PROBLEM: Transcribe the listing that follows in full, omitting pictures.

THE DATA:
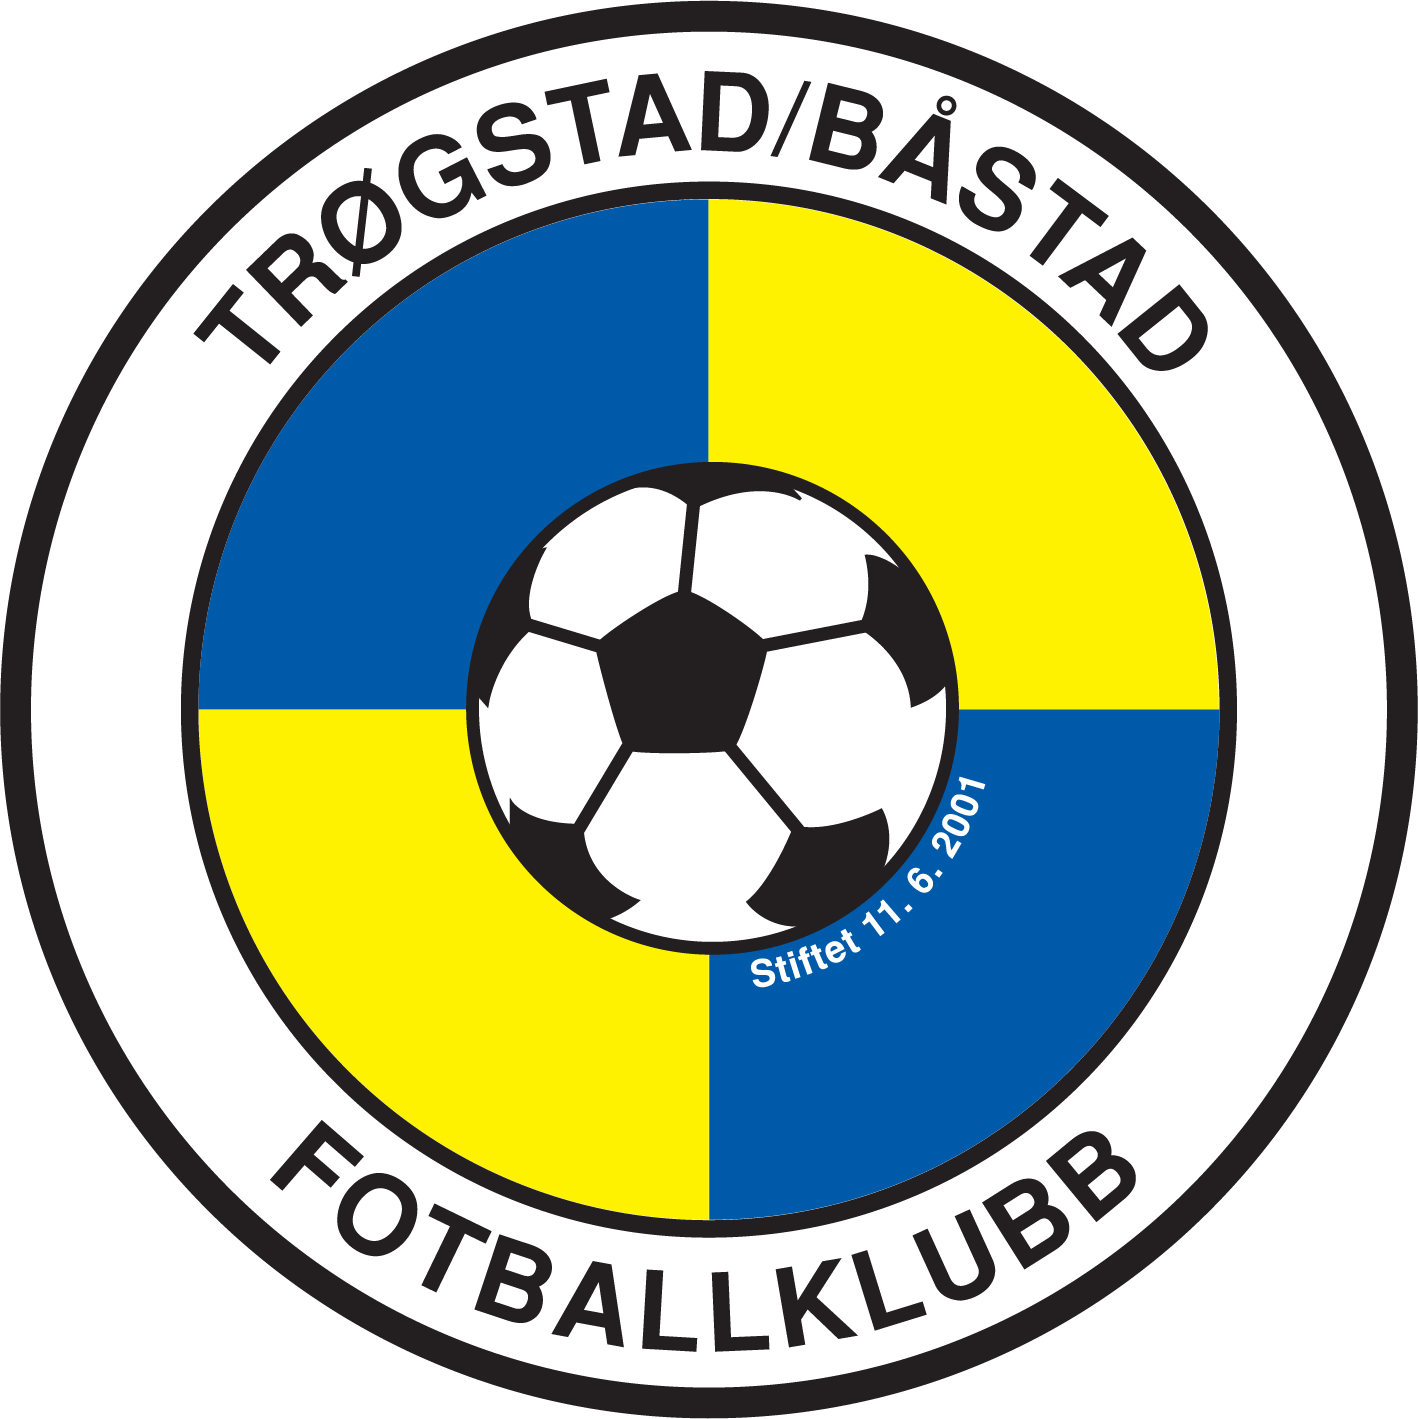 Logo Trøgstad/Båstad Fotballklubb
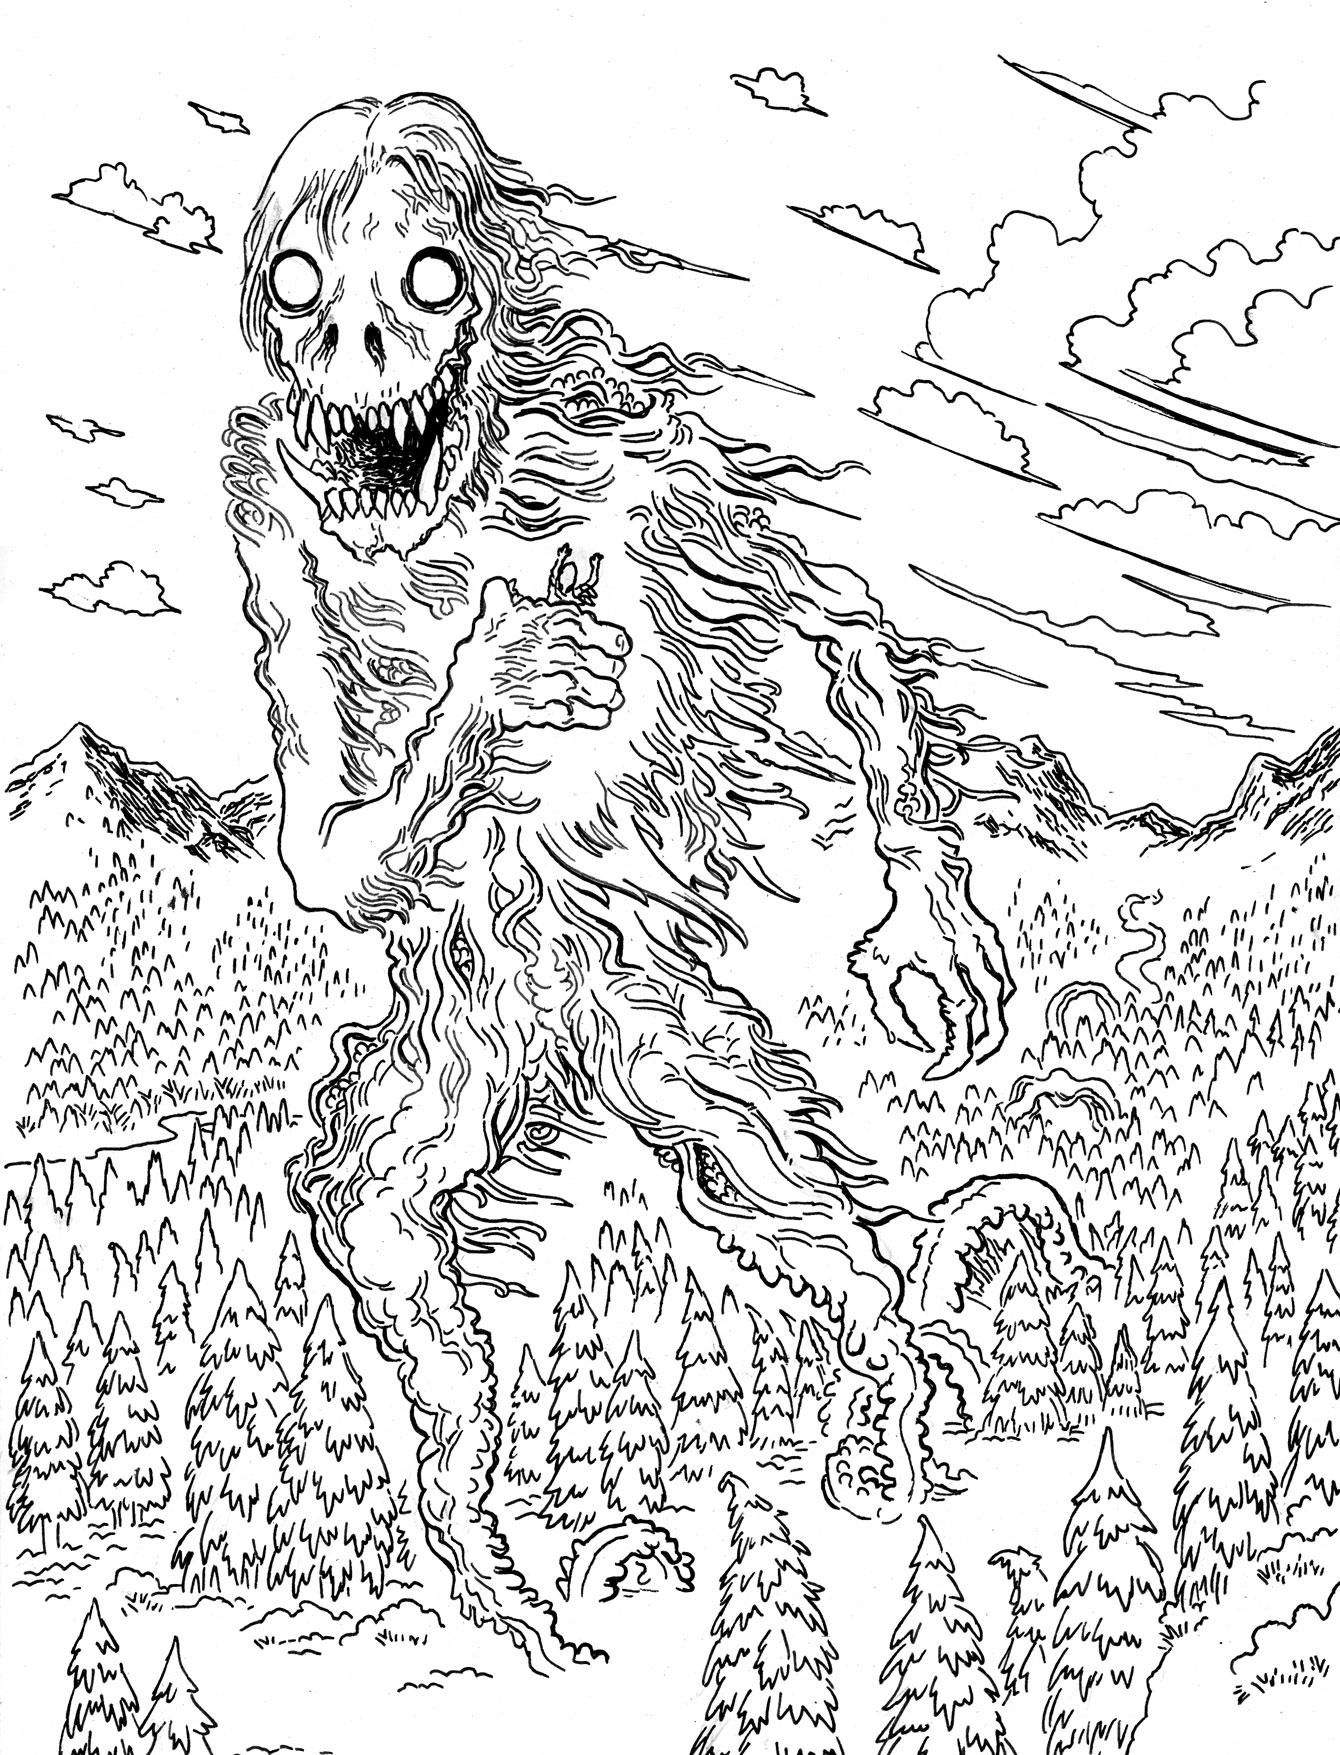 Lovecraft Sketch MWF: Ithaqua
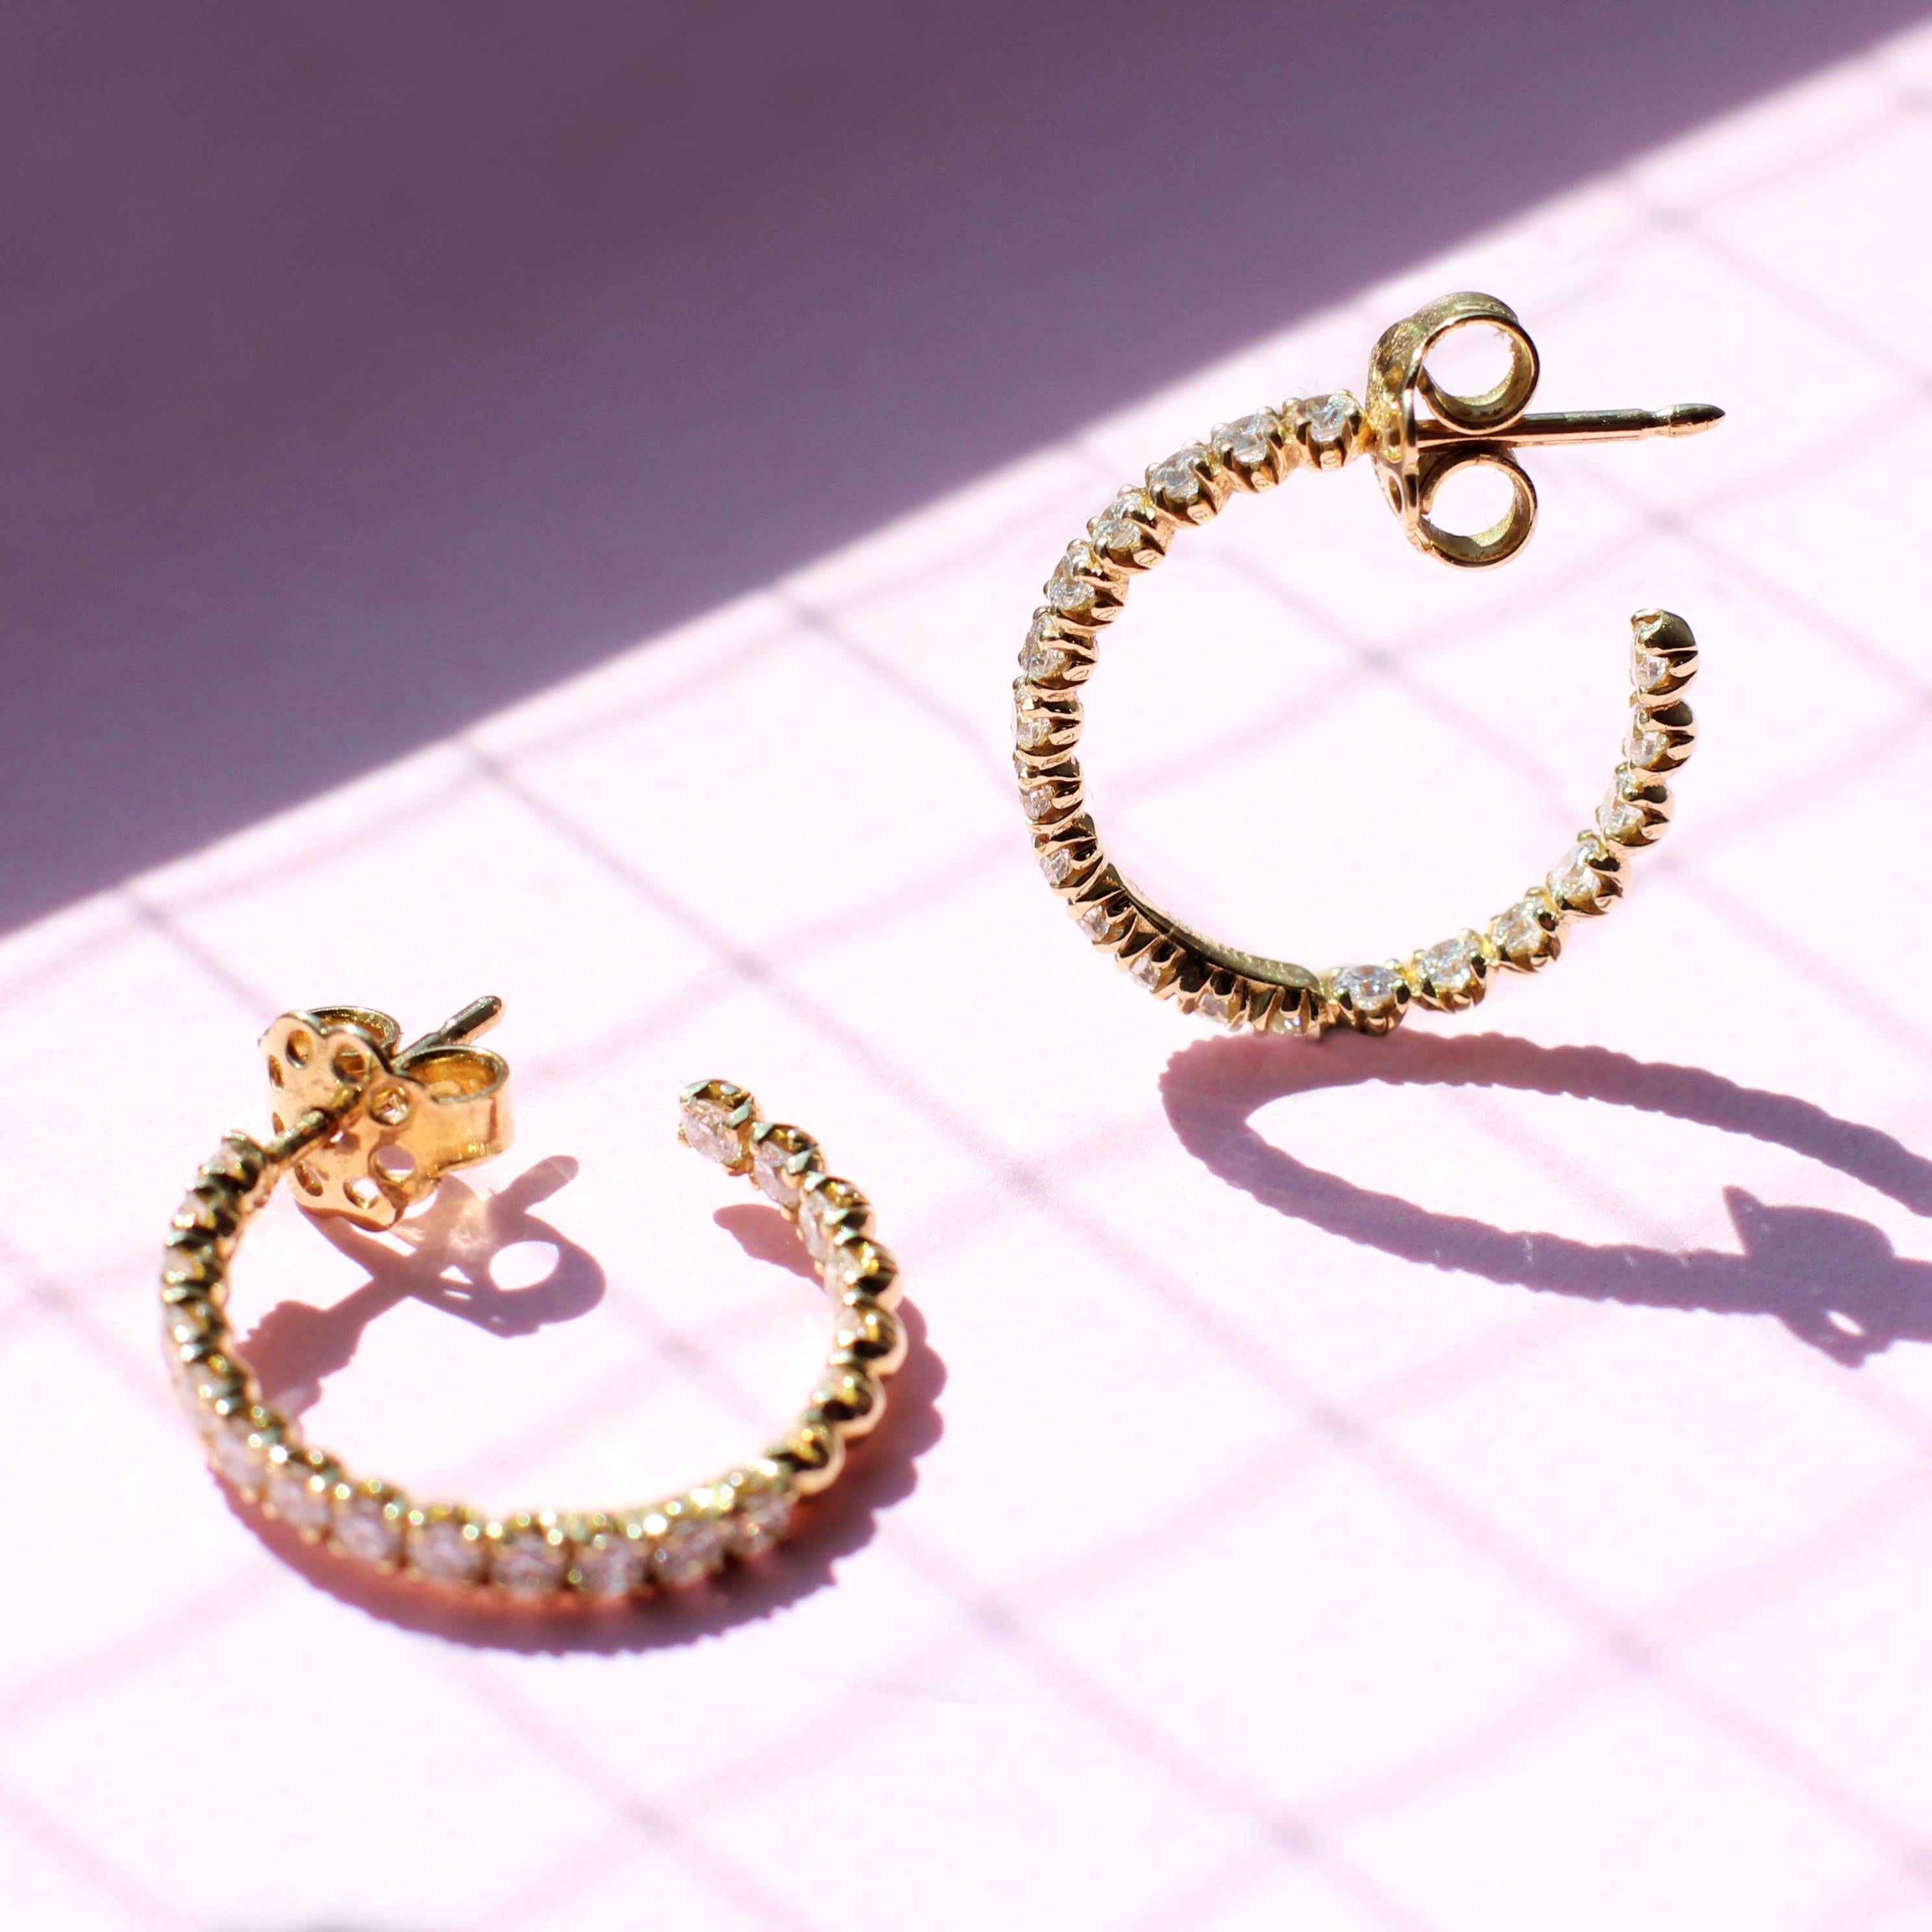 Des anneaux d'éternité en or jaune 18 carats et en diamants blancs au design versatile et particulier, qui mettent en valeur les diamants sertis à l'avant et à l'arrière pour une vue splendide sur les diamants uniquement. Ces anneaux attireront tous

SOLUTION:
 Logo Trøgstad/Båstad Fotballklubb
 Lovecraft Sketch MWF: Ithaqua
 Des anneaux d'éternité en or jaune 18 carats et en diamants blancs au design versatile et particulier, qui mettent en valeur les diamants sertis à l'avant et à l'arrière pour une vue splendide sur les diamants uniquement. Ces anneaux attireront tous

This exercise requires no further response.